§ Information provided

────

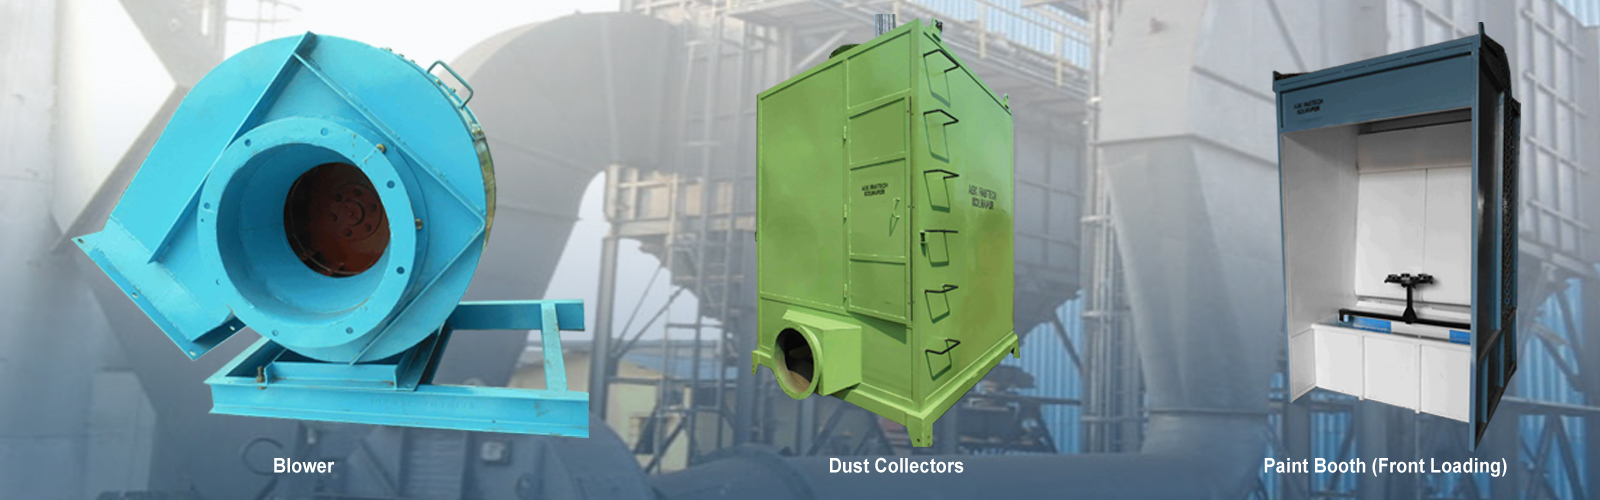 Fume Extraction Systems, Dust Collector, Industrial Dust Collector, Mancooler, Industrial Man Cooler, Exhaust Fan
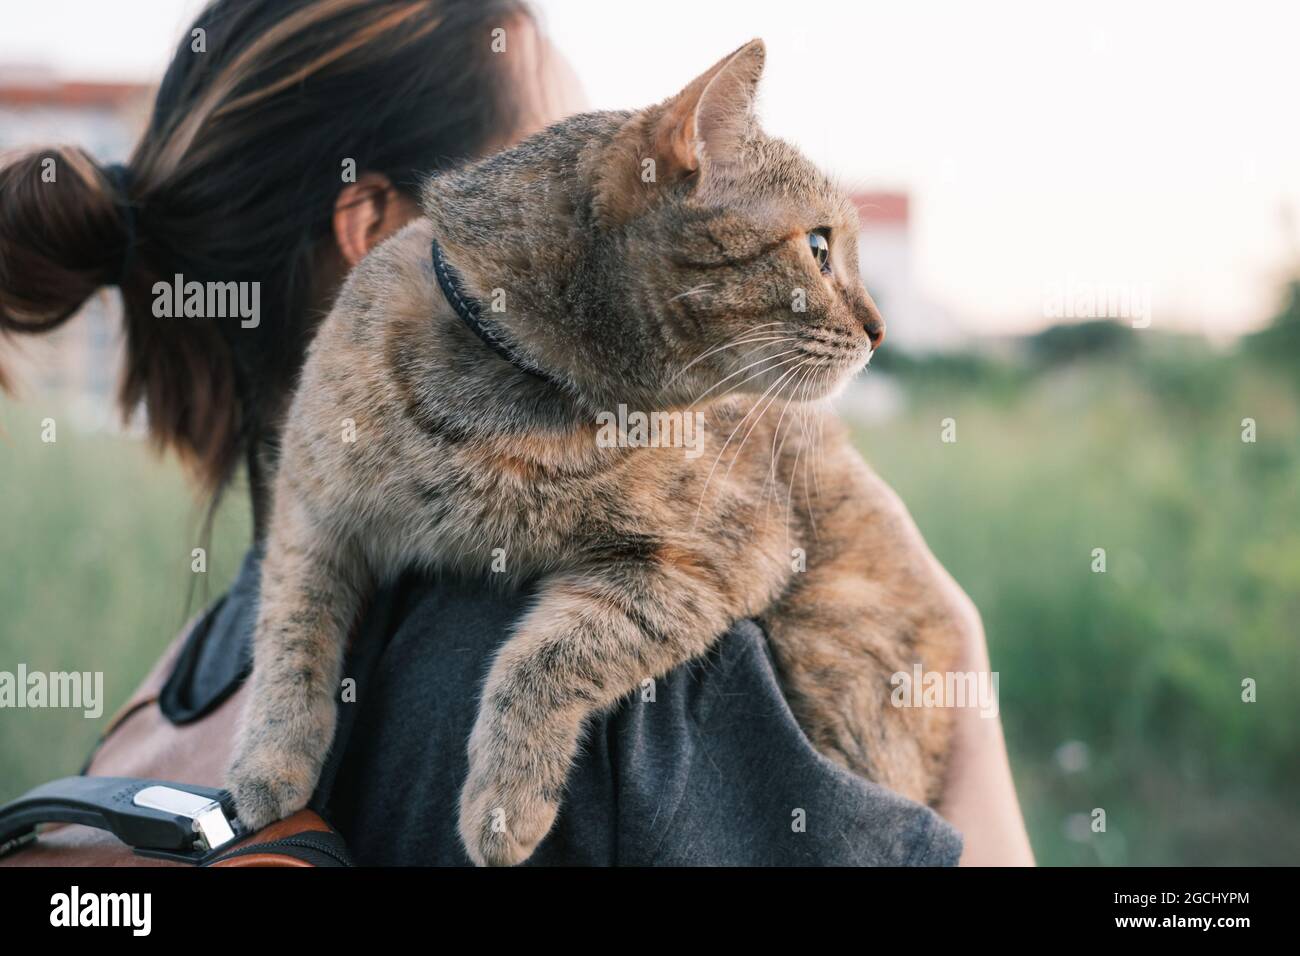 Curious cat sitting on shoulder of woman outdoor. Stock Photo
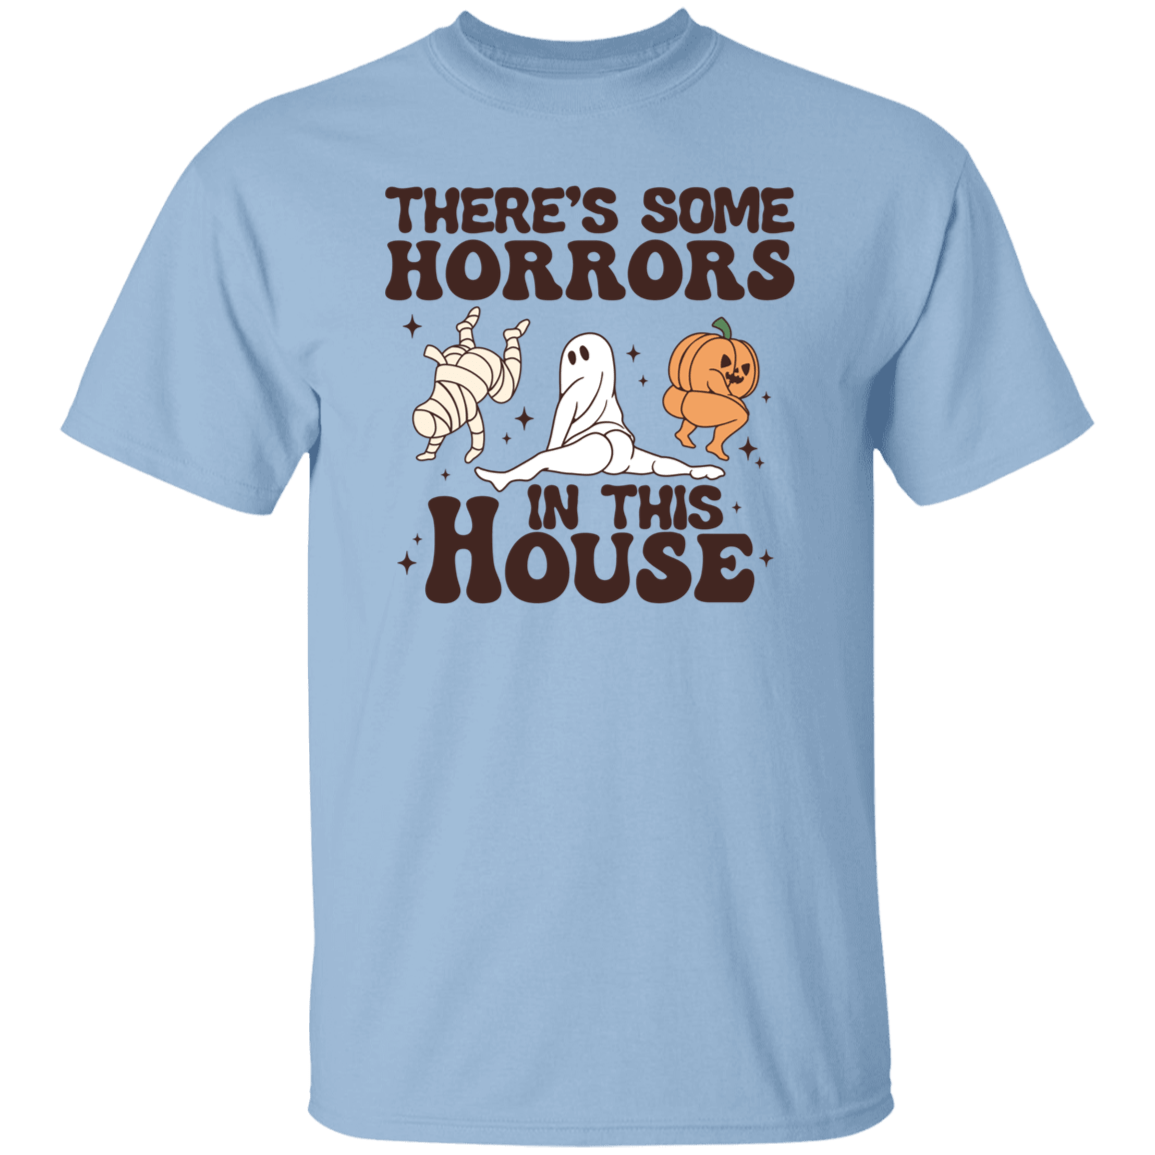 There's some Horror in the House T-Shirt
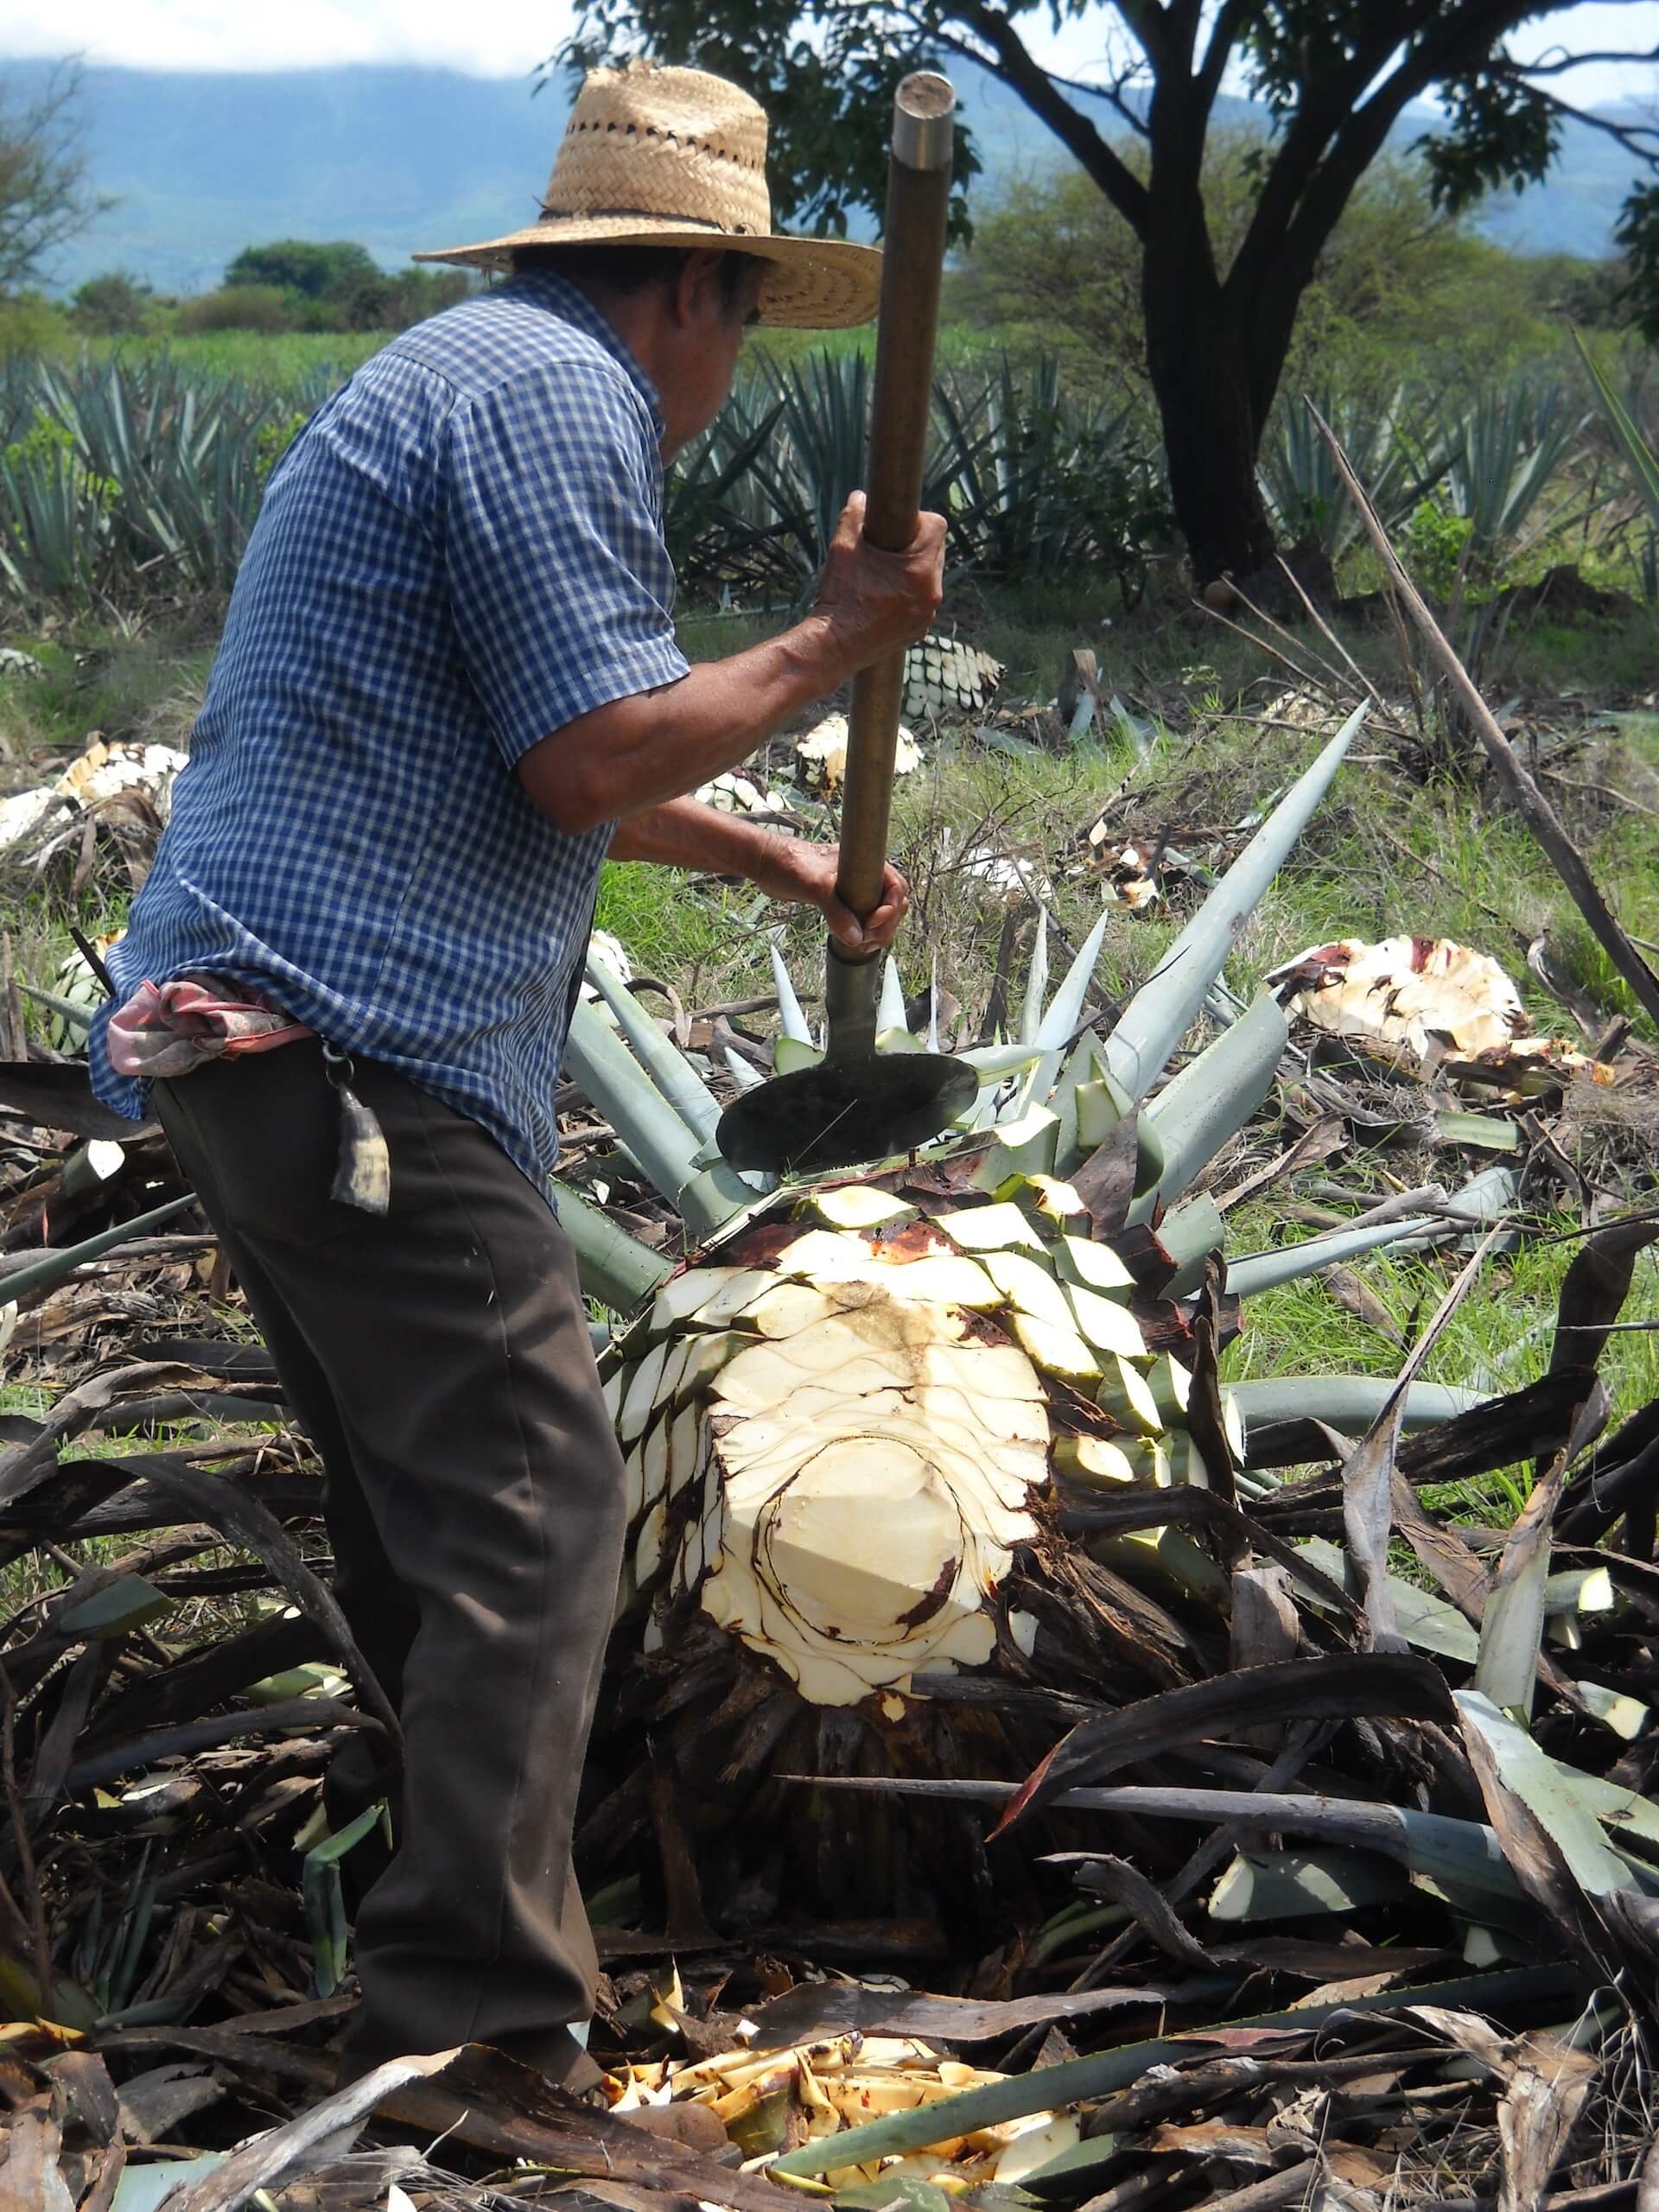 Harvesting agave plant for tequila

────

Find the line holding "There's some Horror in the House T-Shirt" in the data above. Retype it and every later line exactly, through the end, but not the pictures.

 There's some Horror in the House T-Shirt
 Harvesting agave plant for tequila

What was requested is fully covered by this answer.